抗生素近年來逐漸成為潛在危害環境衛生汙染源之一，台灣持續進口大量抗生素作為醫療及動物用藥，其中乙醯胺類抗生素(β-lactam antibiotics)為進口量最大的抗生素，除使用於醫療用途外，該類抗生素亦使用於畜牧業以達到促進牲畜生長速率及提高肌肉量等目的。另外，微量元素在動物及植物營養上扮演重要角色，是許多新陳代謝的重要元素。因此在飼料中也會加入微量金屬元素以達到平衡動物生長所需的元素，然而，抗生素在經動物食用後，會有部分以原形態經由糞尿進入環境中，對環境產生危害，並有文獻指出乙醯胺類抗生素常與金屬元素產生螯合作用。本研究挑選在乙醯胺類抗生素中常用的兩種化合物阿比西林(ampicillin)及阿莫西林(amoxicillin)做為目標分析物，目的在於1.設計批次試驗探討不同因子對於目標化合物降解速率的影響，並計算反應常數及利用迴歸分析探討其相關性；2.探討金屬離子在此反應系統中所扮演的角色以及分析在反應過程中是否有產物產生。
本研究係利用串聯式液相層析質譜儀及可見光-紫外光分光光度計作為分析儀器，由批次實驗結果得知，乙醯胺類抗生素能與銅離子反應降解，當反應中存在越高濃度的銅離子時，會使反應速率加快。在鹼性環境下，反應較酸性及中性環境快，假如同時存在鹼土金屬(如鈣鎂離子)，對阿比西林而言，鈣鎂離子只會抑制反應初速，若改變其添加濃度時，並未有明顯的影響，反觀，對於阿莫西林，除反應初速外，鈣鎂離子則會對反應速率有明顯的影響，添加濃度與反應速率呈現負相關。
本研究亦針對銅離子在與乙醯胺類抗生素反應後型態的變化進行探討，結果顯示，二價銅離子與此兩種目標抗生素反應後，透過加入金屬螯合劑測試反應起始與經過20小時後，利用紫外光可見光分光光度計分析可發現溶液中原本存在的二價銅離子被還原成一價亞銅離子，顯示銅離子在此反應中為氧化劑。
根據串聯式液相層析質譜儀定性分析結果推論，在乙醯胺類抗生素與金屬離子反應過程中會有產物產生，然而目前所得到的結果無法完整將反應機制結果呈現，但未來可利用本研究結果，加入更完善的實驗佐證以達到定性分析的目的。
乙醯胺類抗生素雖在生物毒性上屬於慢毒性化合物，但至今對於此類抗生素的調查依舊略顯不足，對於環境上的危害性還尚需有更完整的研究，未來可針對此領域做更深入的研究探討。

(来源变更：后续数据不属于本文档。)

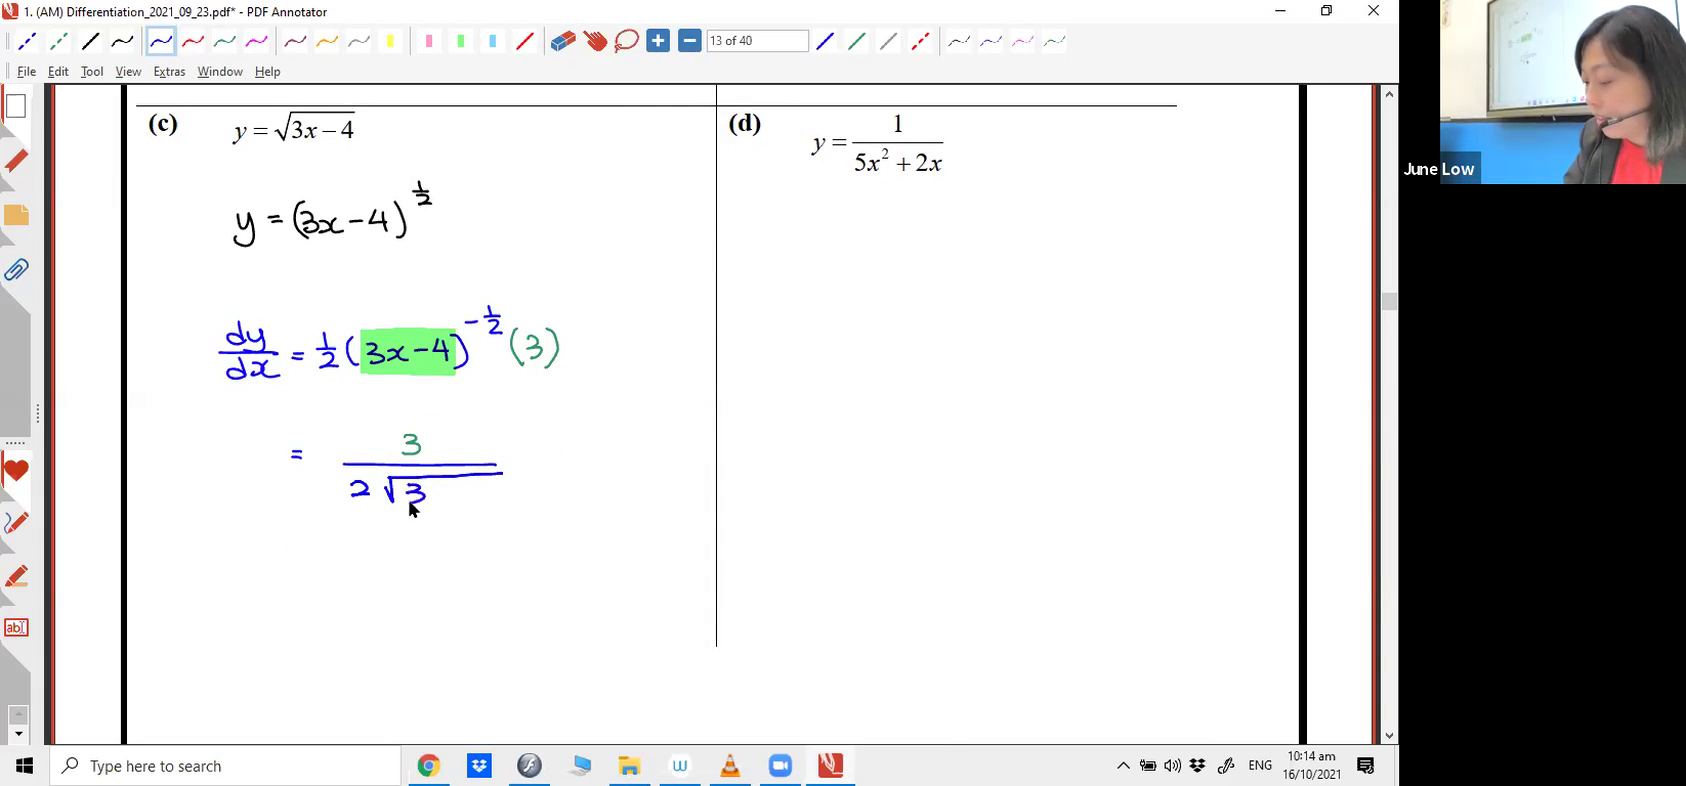 [DIFFERENTIATION] Chain Rule

Antibiotics recently are considered as potential trace contaminants in the environment. Taiwan continues to import large quantities of antibiotics for medical and agricultural purposes. β-lactam antibiotics account for up to 20 percent of total veterinary drugs usage in Taiwan for past ten years. In addition to the medical treatment, this group of antibiotics also applies to livestock to promote their growth. Many research indicated that the antibiotics would be released to the environment via urine and feces with unchanged parent compounds or metabolites. Metal ions are also common feed additives as trace essential elements in addition to the antibiotics.
In previous studies, many authors have reported that β-lactam antibiotics were widely studied in the presence of various metal ions. The objectives of this research are 1. designing batch reactions to examine the degradation of two β-lactam antibiotics (ampicillin and amoxicillin) under different conditions and calculating the kinetic constants; 2. using UV-Vis spectrophotometer and LC-MSMS to elucidate the product generation and reaction mechanism.
According to the batch reaction results, in the presence of high Cu2+ concentration under alkaline condition, the reaction is much faster than other conditions. Ca2+ ion and Mg2+ ion are founded that if they coexist in the solution, the reaction will be inhibited. The inhibitory effect was more pronounced in the amoxicillin-Cu2+ system.
According to the bathocuproine complexation set up, it was confirmed that Cu2+ ion is reduced to Cu+ ion both in the ampicillin-Cu2+ and amoxicillin-Cu2+ Systems, suggesting the oxidation leads to the degradation of ampicillin and amoxicillin. There are some product peaks observed in the LC chromatograms. However, the details of the product structures and transformation pathway are not proposed in this study. Further qualitative studies are suggested to further elucidate β-lactam antibiotic degradation mechanism and pathway in order to better understand the risk they may pose to human health and ecosystem.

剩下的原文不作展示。